View Full Version : Why o why
Not really sure we're to start or how to say it .. Does anyone else suffer from anxciety which comes out of no we're I have had a lovely day and evening gone to sleep and woke up approx 20 mins later with anxciety , very strange
Staffi
I understand exactly what you are saying.
This is one of the things I find hardest to deal with. Where does it come from? I keep telling myself there is no point analysing this but it doesn't stop me mulling over what the trigger could be every time I have a bad day. I am generally healthy, happily married, lovely family, great friends, no money worries and a job I love so why does this happen to me?

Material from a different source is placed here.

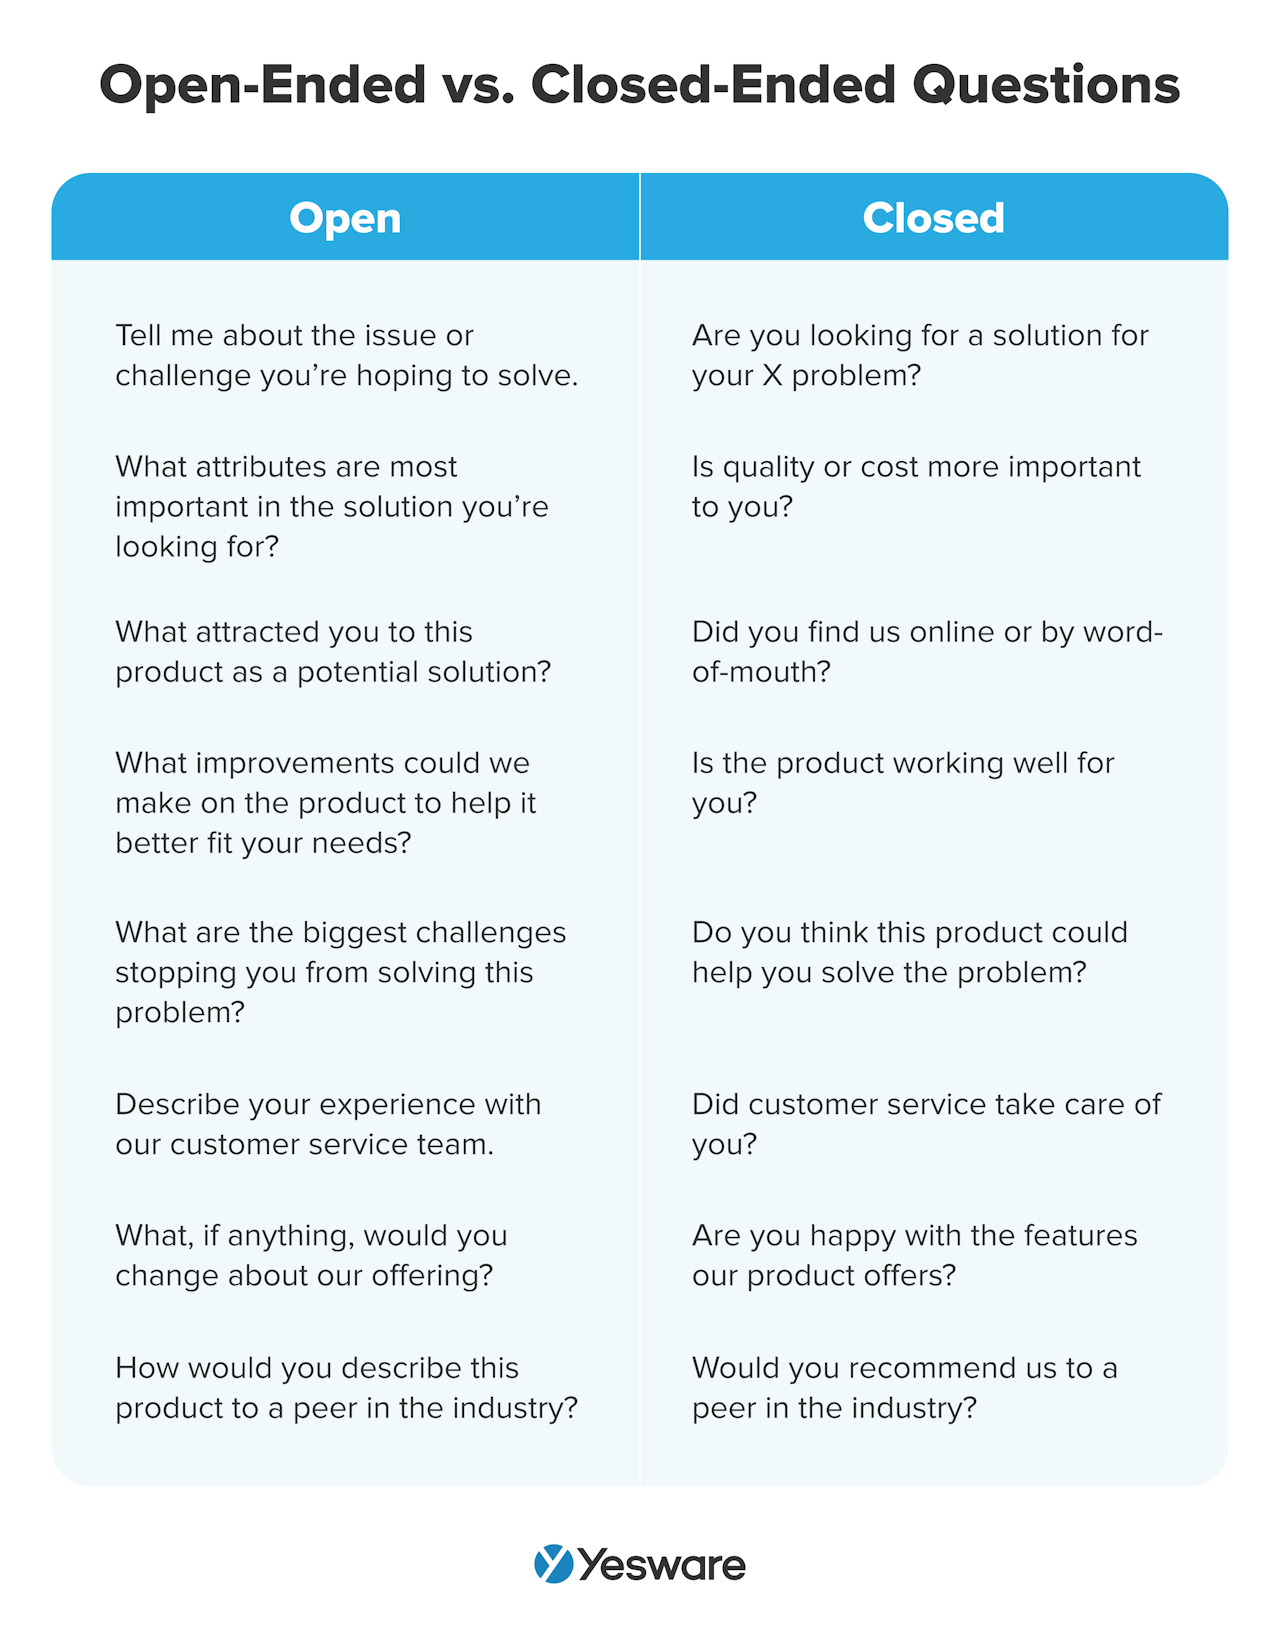 Sales tactics: ask open-ended questions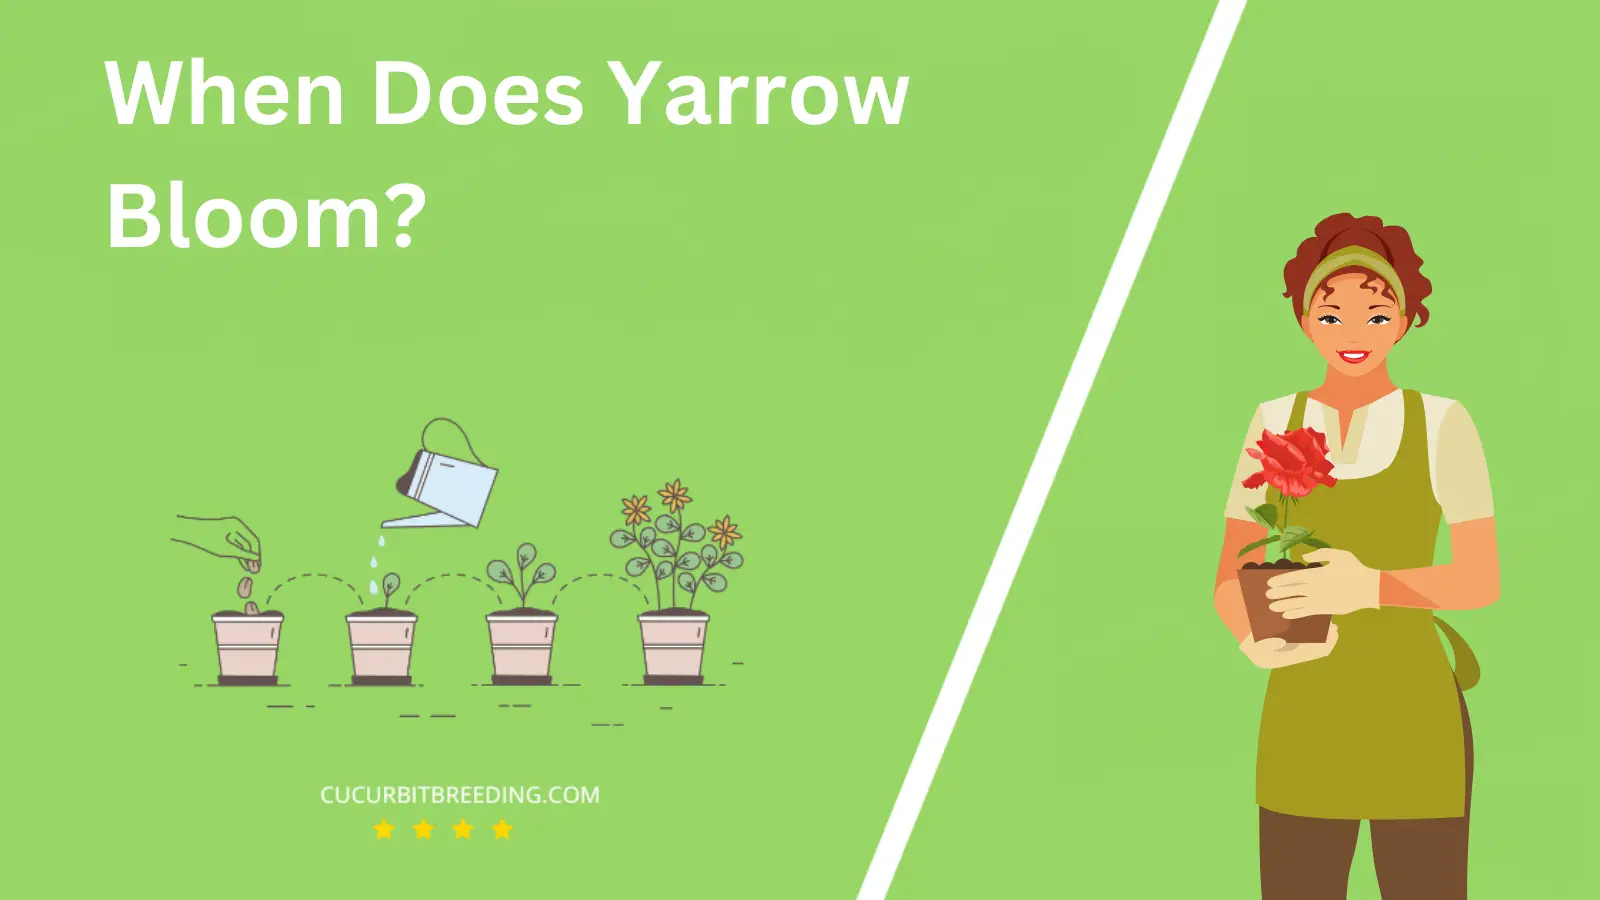 When Does Yarrow Bloom?

The thing is to accept this as part of you and not to dwell on the whys. I'm a fine one to talk as I can't always do this but acceptance that it's happened and may happen again is the best way forward. Unless there is a definite trigger that you can think about how to tackle its best not to overanalyse and just concentrate on relaxing and taking care of yourself.
Sal
xvolatileheart
07-09-13, 15:11
I think a lot of us can relate to this. I've really struggled with the fact that I can't rationalize all of my anxiety, I want to be able to have control over it but I can't. You may want to have a read about "mindfulness", it's about accepting the way you feel and not judging or thinking over it but letting it go. I'm trying to incorporate this more in my life and hopefully it will remove some of the anxiety.
Thank you both for replying I think your both quite right I do tend to over a analyse why this is happening .
I have found the more tired I am the worst the anxiety is
When I do wake with anxiety now I switch on tv take a night rescue and before I know it it's morning.